Я с владыкой не видался с самого его возвращения из Петербурга в мае, и это было первое мое с ним свидание после моего лечения водами. Владыке угодно было первому начать речь о газетной сплетне. Из его слов я заключил, что он сперва нисколько не обратил внимания на клевету, помещенную в «Современных Известиях», полагая, что такая нелепость даже и не требует возражения, но впоследствии, видя, что это злоумышленный слух и уже слишком распространился и принят был многими за истину, владыка сознал необходимость опровержения и поджидал меня, чтобы знать мое мнение. Между тем и я с своей стороны, как только приехал в Москву, писал письмо к Гилярову, редактору той газеты-сплетницы, которая первая распустила обо мне этот ложный слух и которая, не в обиду ей сказано, вообще весьма лакома до всяких скандалов, которыми эти журнальчики и существуют. Но письмо мое Гиляров не заблагорассудил отпечатать: правда глаза колет. После нашего разговора с владыкой и была напечатана в «Московских Ведомостях» в №254 октября 10 статья такового содержания: «Мы получили от Московскаго Епархиальнаго начальства следующее сообщение. В №200 «Современных Известий» напечатано, будто бы Николо-Угрешскаго монастыря архимандрит Пимен, по распоряжению Святейшаго Синода, отправлен на покаяние в одну из Московских пустынь за оскорбление действием иеромонаха Угрешскаго монастыря. Известие это совершенно ложно, никакого указа или распоряжения Св. Синода не было, да и быть не могло; ибо никаких жалоб к духовному начальству на архимандрита не поступало и никакого дела не возникало. Архимандрит Пимен был с января болен и лечился, не оставляя ни одного из многосложных своих занятий; летнее же время, по причине болезни, провел, с совета врачей и разрешения начальства, в пустынях Екатерининской и Берлюковской, а в сентябре возвратился в монастырь. Болезнь между тем достигла зрелости и привела к серьезной операции, исполненной на днях известным хирургом, Иваном Николаевичем Новацким. Архимандрит Пимен, как монах, не вступился за себя; но как клевета, распространенная через печатание во многих газетах, возымела свое ядовитое действие на репутацию оклеветаннаго, то ему как лицу начальственному, коего влияние как благочиннаго, распространяется на все общежительные монастыри Московской епархии, молчать было невозможно, и он написал в редакцию «Современных Известий» письмо, которое просил напечатать, но сие требование, даже повторенное, не было, вопреки ожиданию, удовлетворено редакцией».

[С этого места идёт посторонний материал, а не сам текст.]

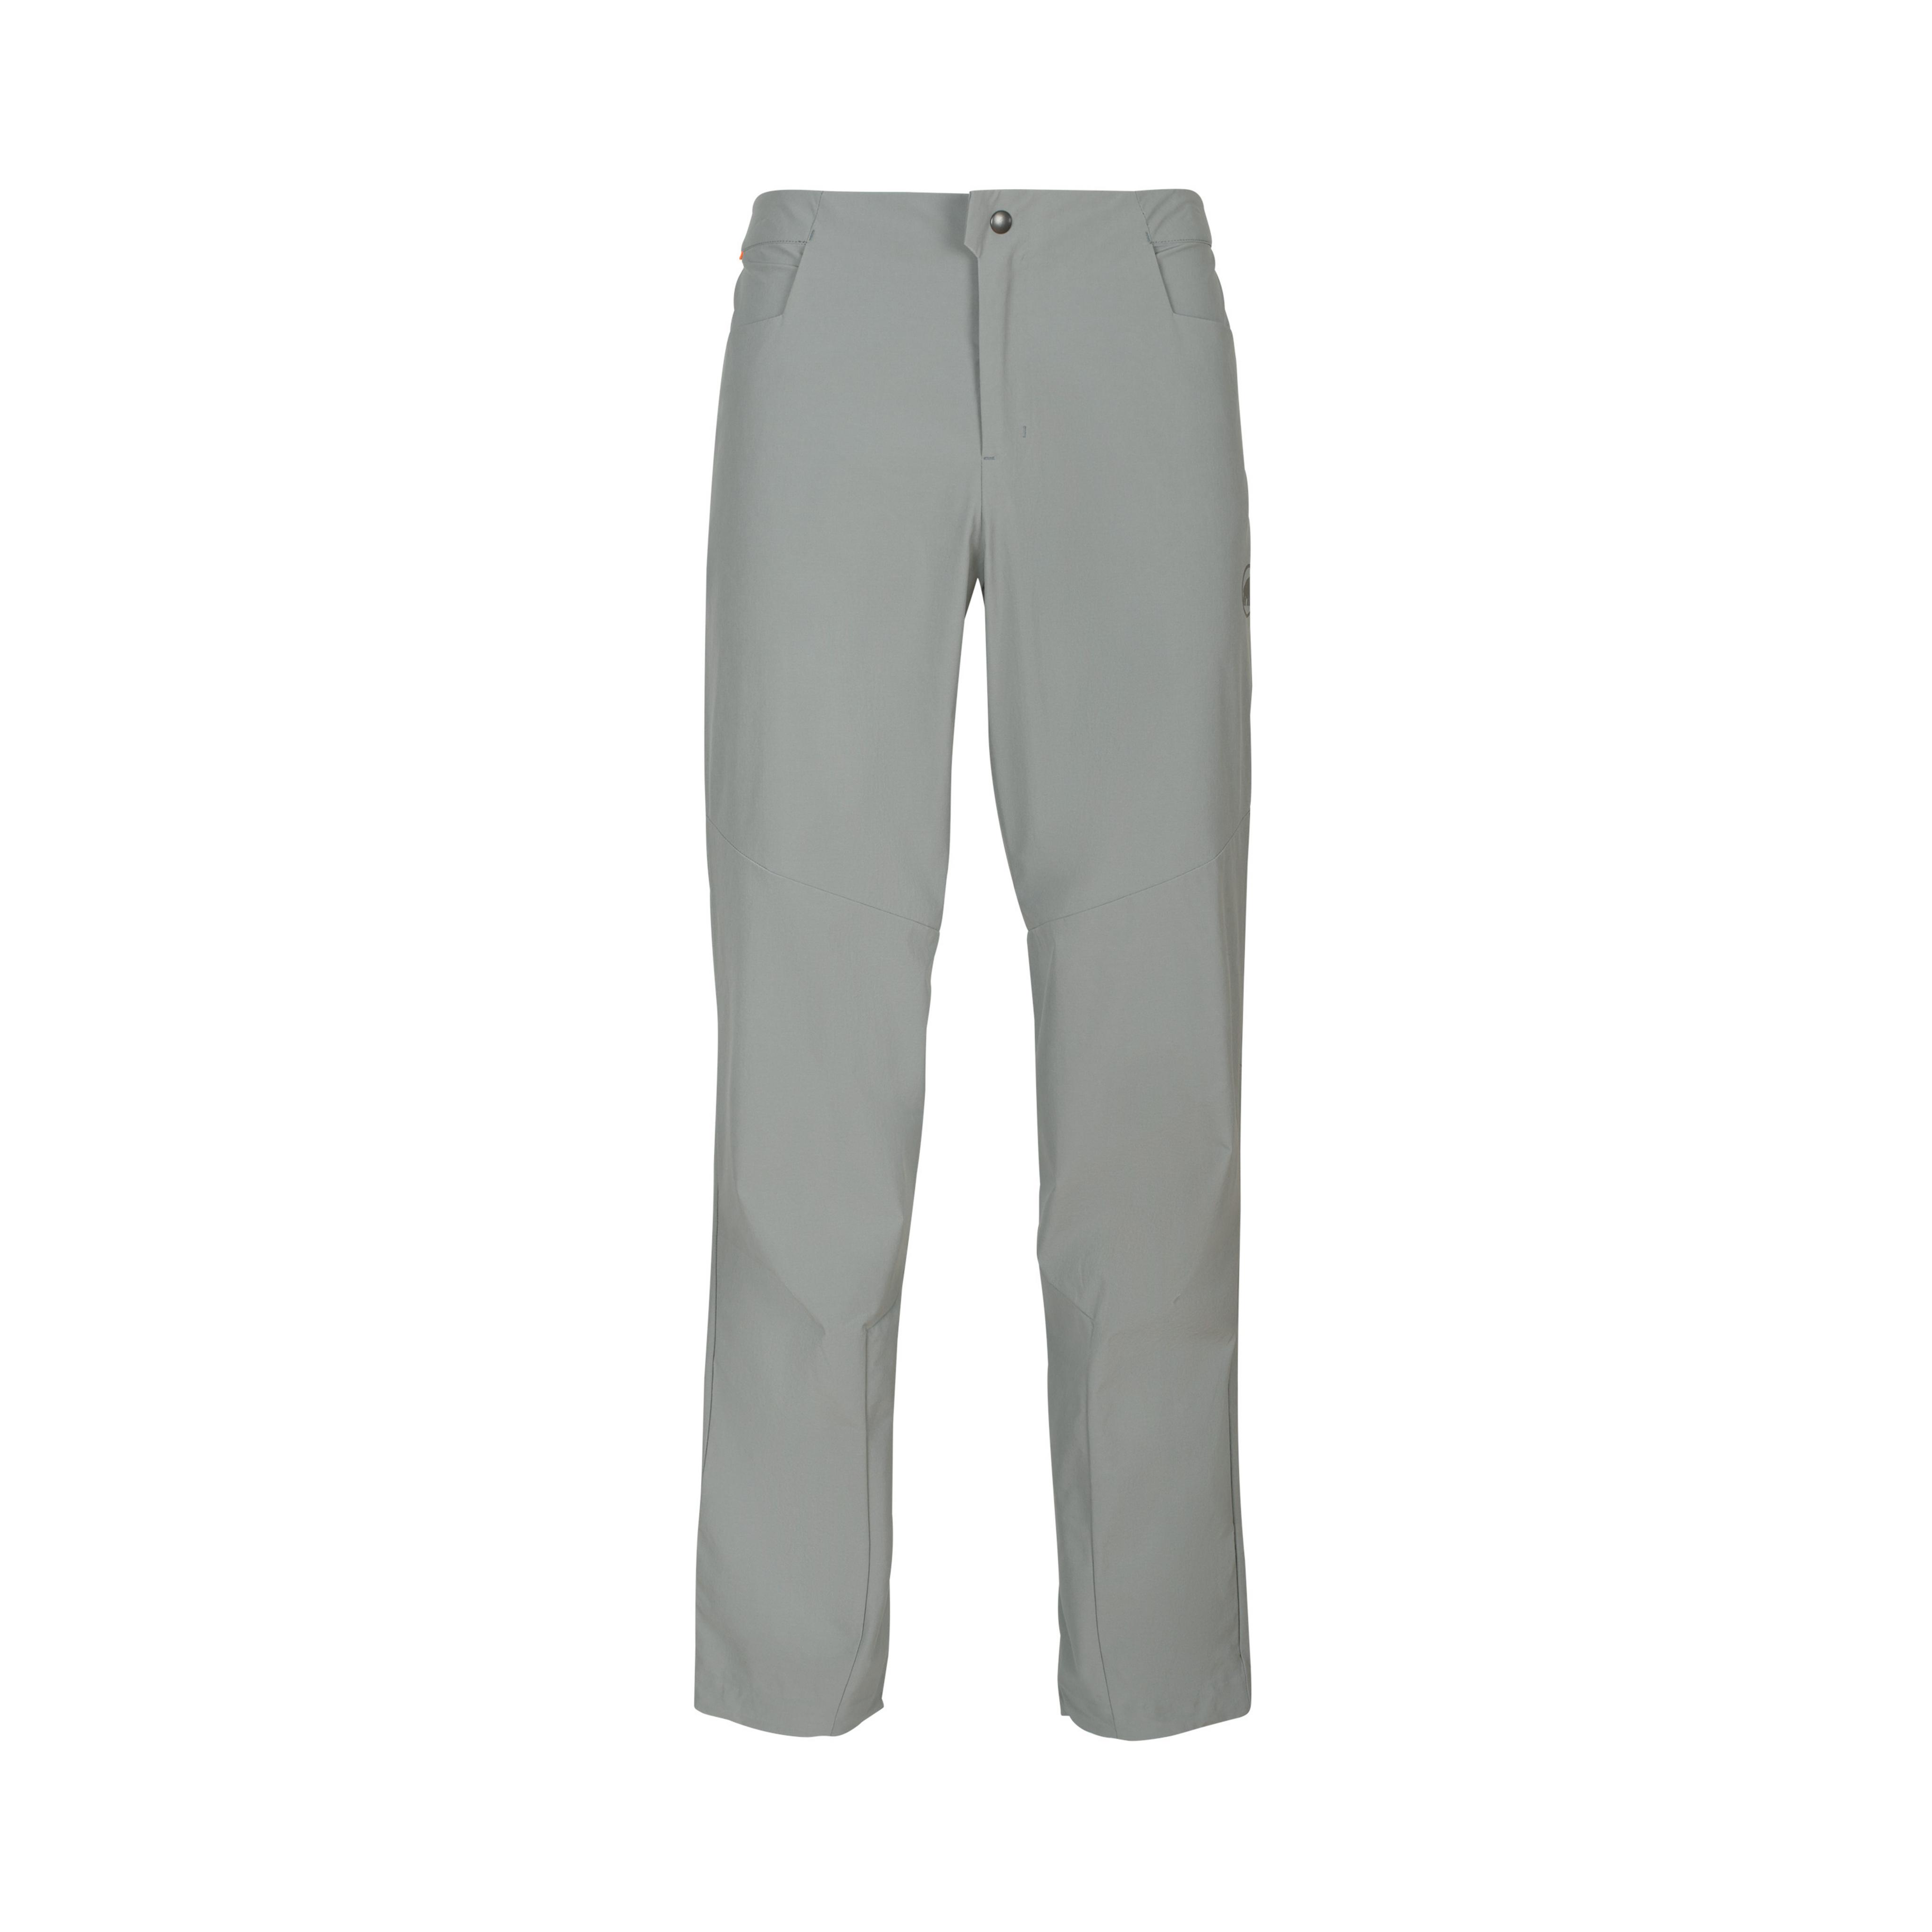 Massone Pants Men - granit, normal, UK 28 thumbnail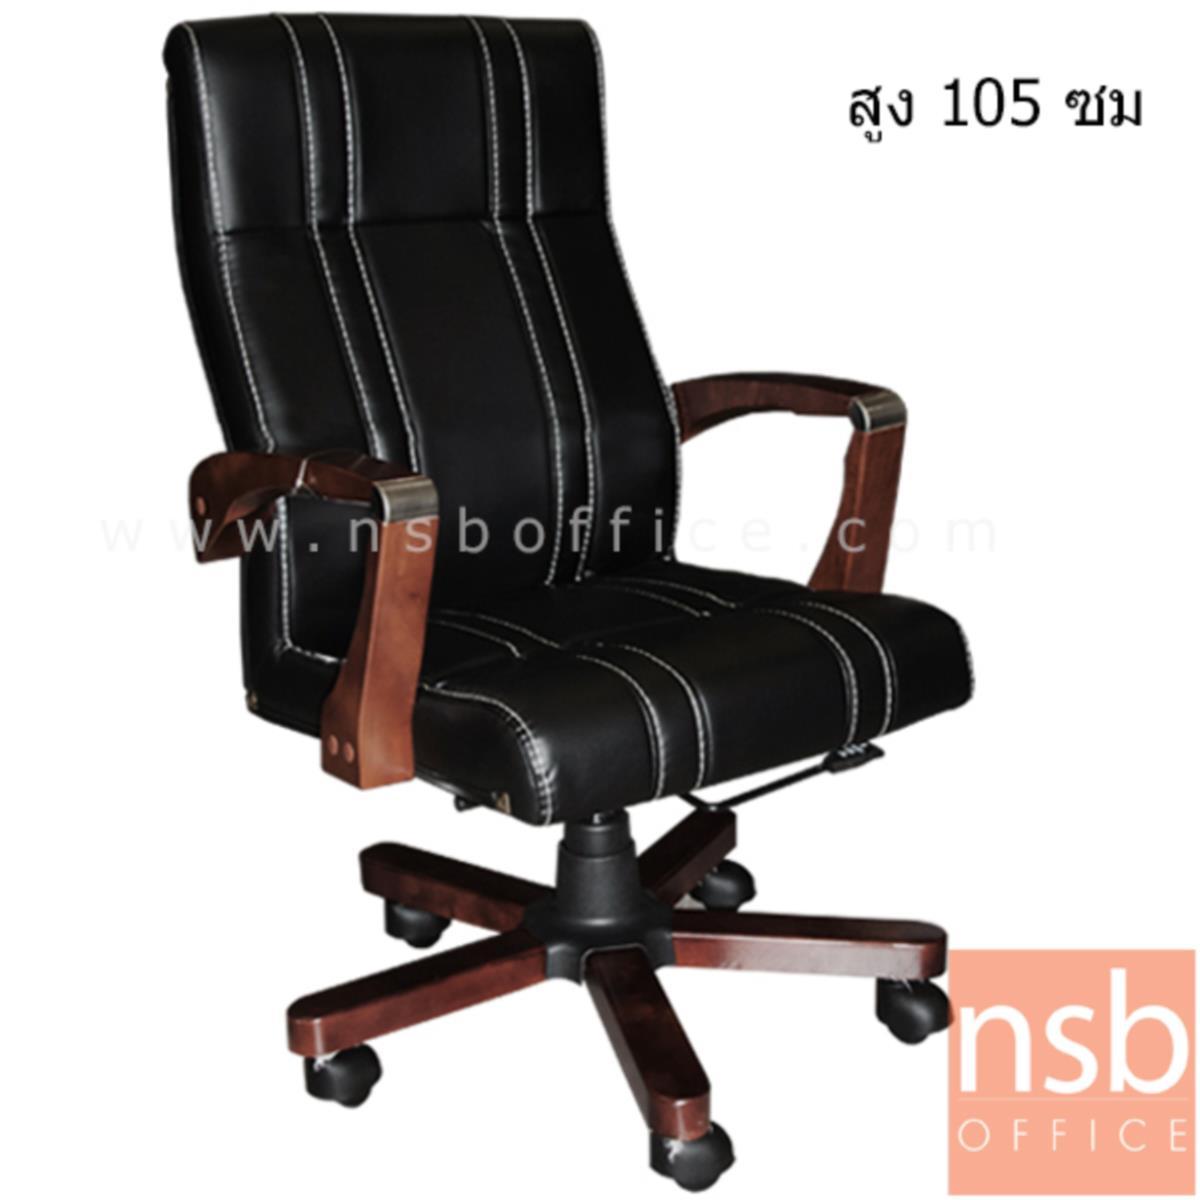 B25A059:เก้าอี้ผู้บริหารหนัง PU รุ่น Zimmerman (ซิมเมอร์แมน)  ขาไม้

Поговорив о газетных толках, владыка опять заговорил о моей болезни и, помолчавши, сказал мне: «Уж ежели нельзя обойтись без операции, то положитесь на волю Божию!»
Операцию делали в два приема: в первый раз, 2 октября, два дня я отдыхал, а 5 числа делали вторично, и назначено было делать еще в третий раз, 12 числа. Хлороформу я не принимал. Я чувствовал себя недурно и покойно ожидал 12 числа. На 10 число я провел ночь спокойно, встал в 7 часов утра, умылся и оделся, и вдруг почувствовал себя весьма дурно: в несколько минут меня совершенно свалило. Меня раздели и положили в постель.
Новацкий приехал первый, а потом Тяжелов, и оба нашли меня в опасности: температура крови ровнялась 40% без 3/10, но беспамятства не было ни на одну минуту. Я был пятеро суток в одном положении. Октября 13 меня приобщали Святых Таин, а особоровать меня угодно было самому преосвященному Леониду, и с ним вместе участвовали в совершении Елеосвящения: отец архимандрит Новоголутвинский Сергий, строитель Берлюковский, отец Нил, Угрешский казначей Мелетий и духовник мой, иеромонах Саввинского подворья Сергий и все прочие были архиерейские.
После Соборования преосвященный, заметив мое смущение, спросил меня, что тому причиной? «Я одного еще не докончил, именно: не сделал духовного завещания». Преосвященный тотчас дал знать брату своему, Александру Васильевичу, который приехал в сопровождении нотариуса, и через час завещание было совершено. Свидетели были: Статский Советник Александр Васильевич Краснопевков, Коллежский Советник Симанский и духовник отец Сергий.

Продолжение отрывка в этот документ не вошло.